When Microsoft announced DirectX 12 in 2014, it did not reveal any compatibility information. The new version of DirectX was announced at a time when Windows 8 was the latest operating system; Windows 10 was released in 2015.
We assumed back then that Microsoft would limit DirectX artificially to Windows 8 or the upcoming version of Windows which we assumed would be Windows 9.
Microsoft revealed at the end of 2014 that Windows 10 would indeed ship with DirectX 12 support. Rumors suggested that the new version would not be made available to earlier versions of Windows, and a Microsoft support article confirmed that. Windows 7 systems were stuck with DirectX 11.0 and 11.1, Windows 8.1 with Direct X 11.1 and 11.2
Four years later, in early 2019, Microsoft suddenly announced that DirectX 12 support would be coming to select games on Windows 7. Game companies urged Microsoft to bring DirectX 12 to Windows 7 to make use of advanced capabilities and reduce development costs at the same time.
Microsoft began to port the Direct3D 12 runtime as a response to Windows 7. Blizzard, maker of World of Warcraft and other games, was the first company to support a DirectX 12 game on Windows 7. World of Warcraft gamers could run the game using DirectX 12 to benefit from better framerates and other improvements.
Options to bring DirectX 12 games to Windows 7 devices were limited initially but work with several game studios -- none is mentioned in particular except Blizzard -- continued after the initial announcement.
Microsoft released a new development guidance in August 2019 to allow game developers to run their DirectX 12 games on Windows 7.
To better support game developers at larger scales, we are publishing the following resources to allow game developers to run their DirectX 12 games on Windows 7.
Developers can check out the Porting D3D12 games to Windows 7 guide to get started.
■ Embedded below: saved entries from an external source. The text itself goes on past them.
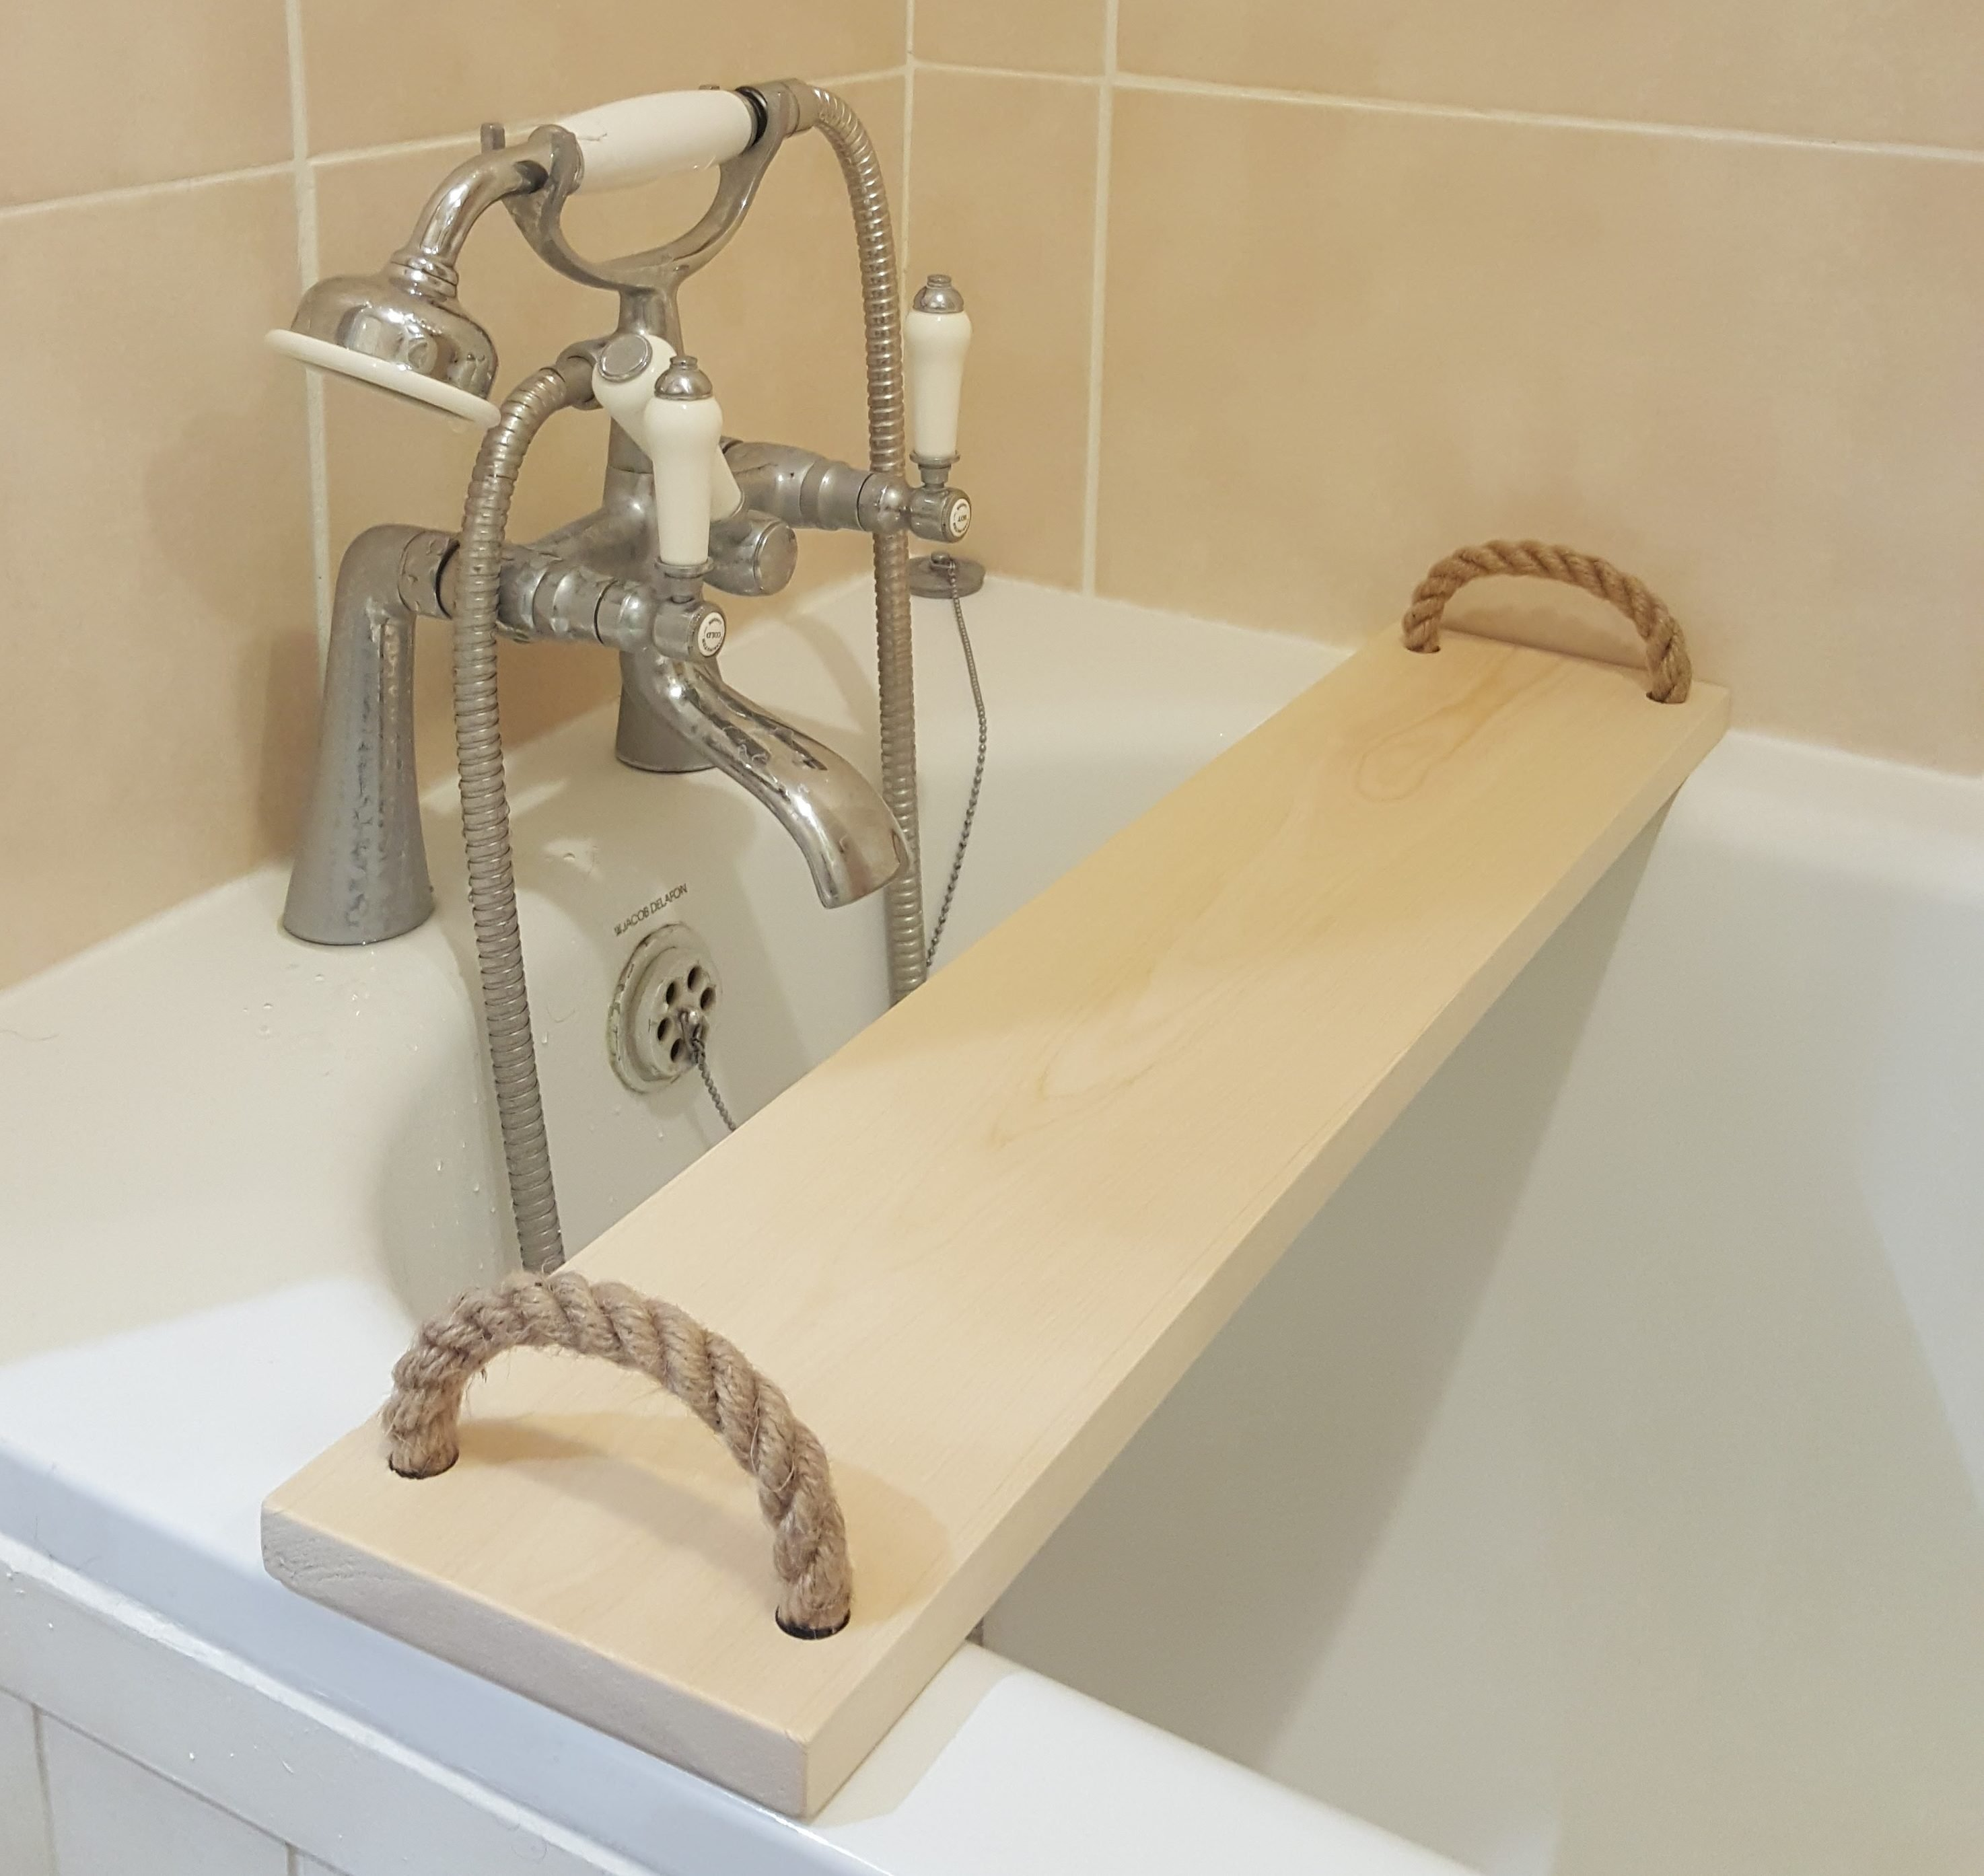 Solid Pine Wood Handmade BathTub Caddy Tray Rack Bath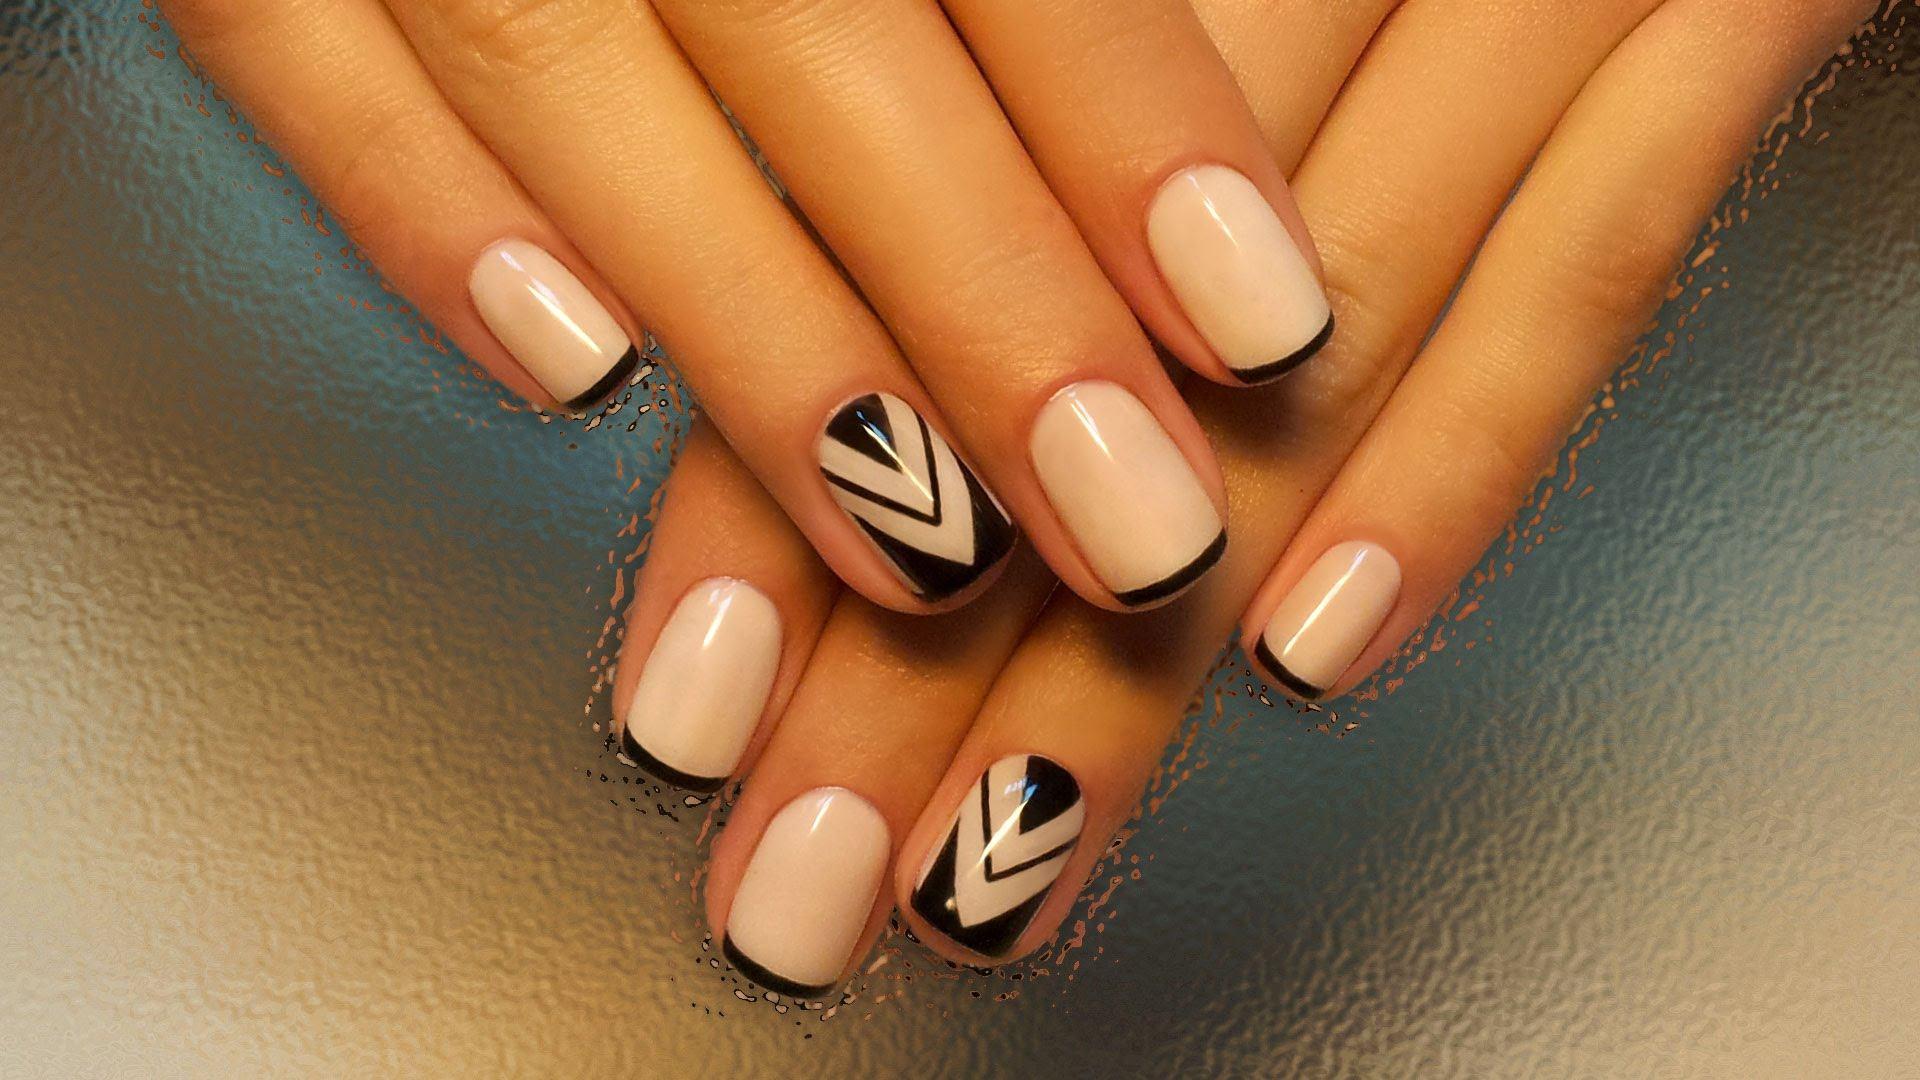 Идеи дизайна ногтей гель лаком на короткие ногти фото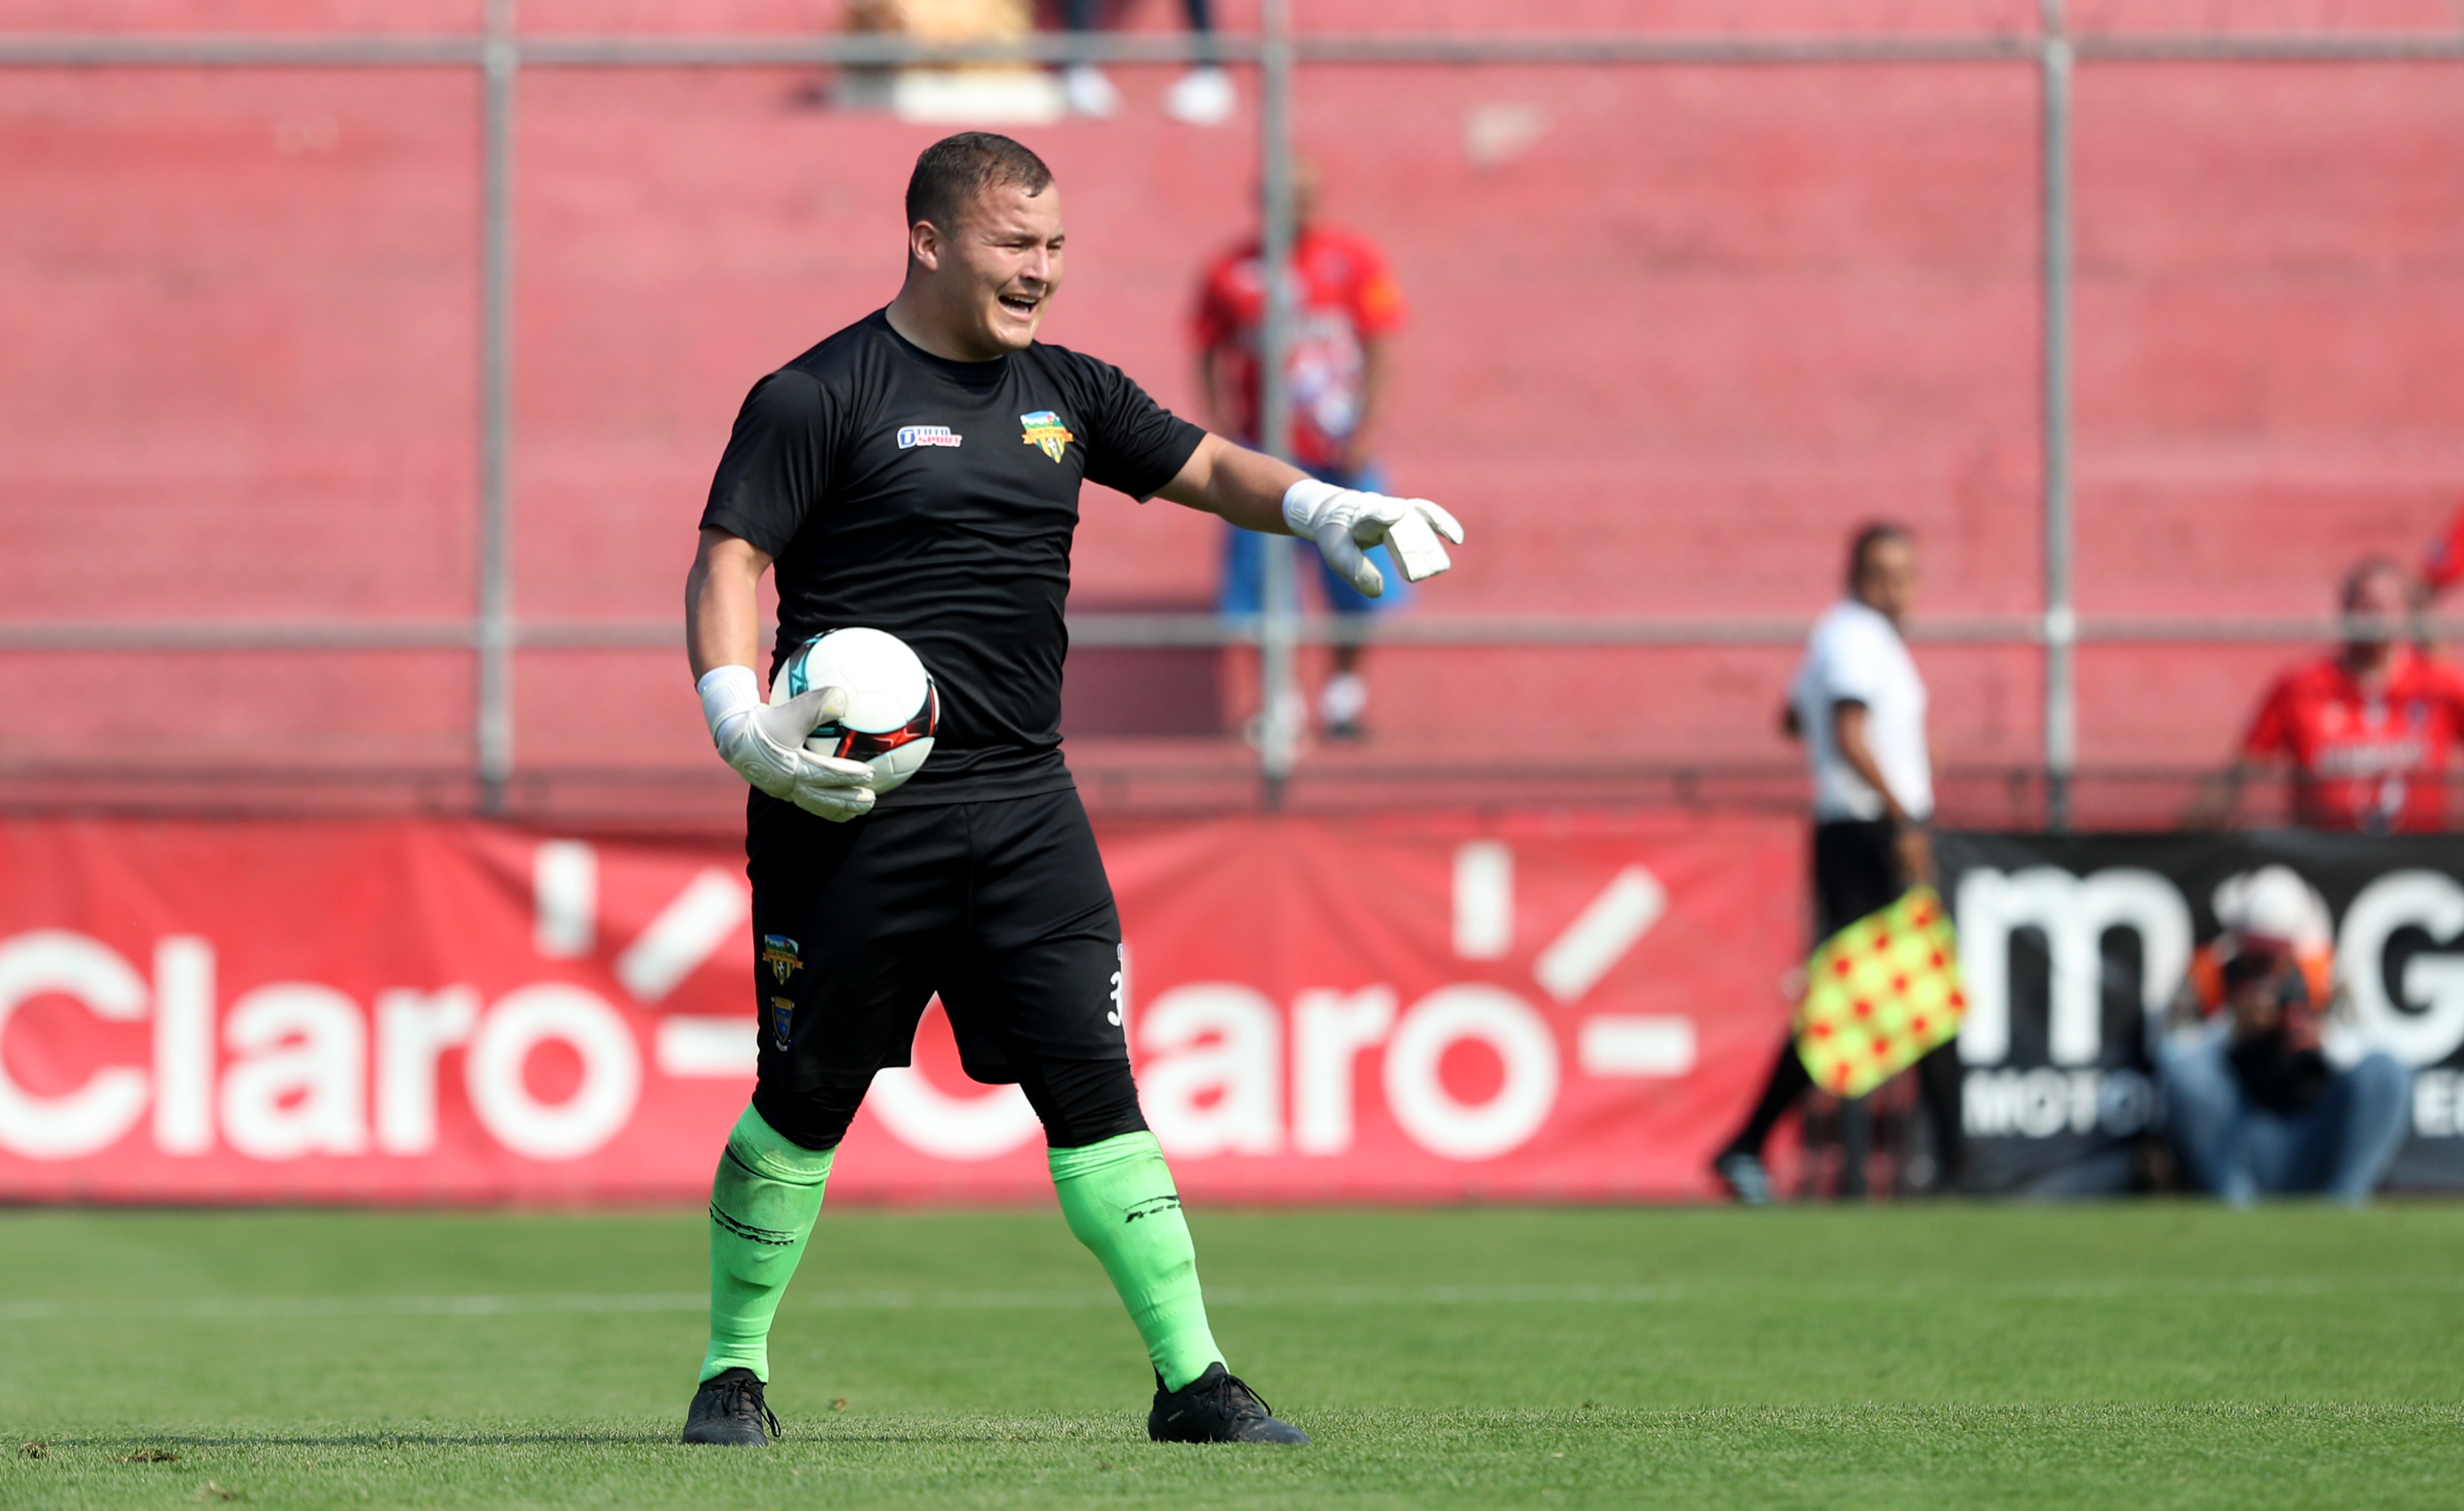 Carlos Ávila, guardameta de Petapa. (Foto Prensa Libre: Francisco Sánchez)

The guide is divided into several chapters. It begins with a list of files and drivers that are needed to set up a development system and test machines. Other chapters reveal how to get DirectX 12 games up and ready on Windows 7 PCs, give optimization tips and release suggestions.
The big question that came to my mind immediately was "why now?". Windows 7 nears end of support; the operating system won't get updates anymore after the January 2020 patch day. While companies may extend support for up to three years, they are not the core target for gaming and it seems highly unlikely that many would benefit from the feature.
Windows 7 systems won't just go away in January 2020, however. If Windows XP's death is anything to go by, it could take years before use of the operating system drops below the ten percent mark. Game companies may continue to support Windows 7 because of that even after Windows 7 support ends officially.
I still think that the timing on this is really bad. It is clear that Microsoft wanted to encourage gamers to upgrade to Windows 10 by making DirectX 12 Windows 10 exclusive in the beginning: this did not work very well when Microsoft released Windows Vista and made DirectX 10 Vista exclusive. Gamers and companies ignored DirectX 10 for the most part as a consequence.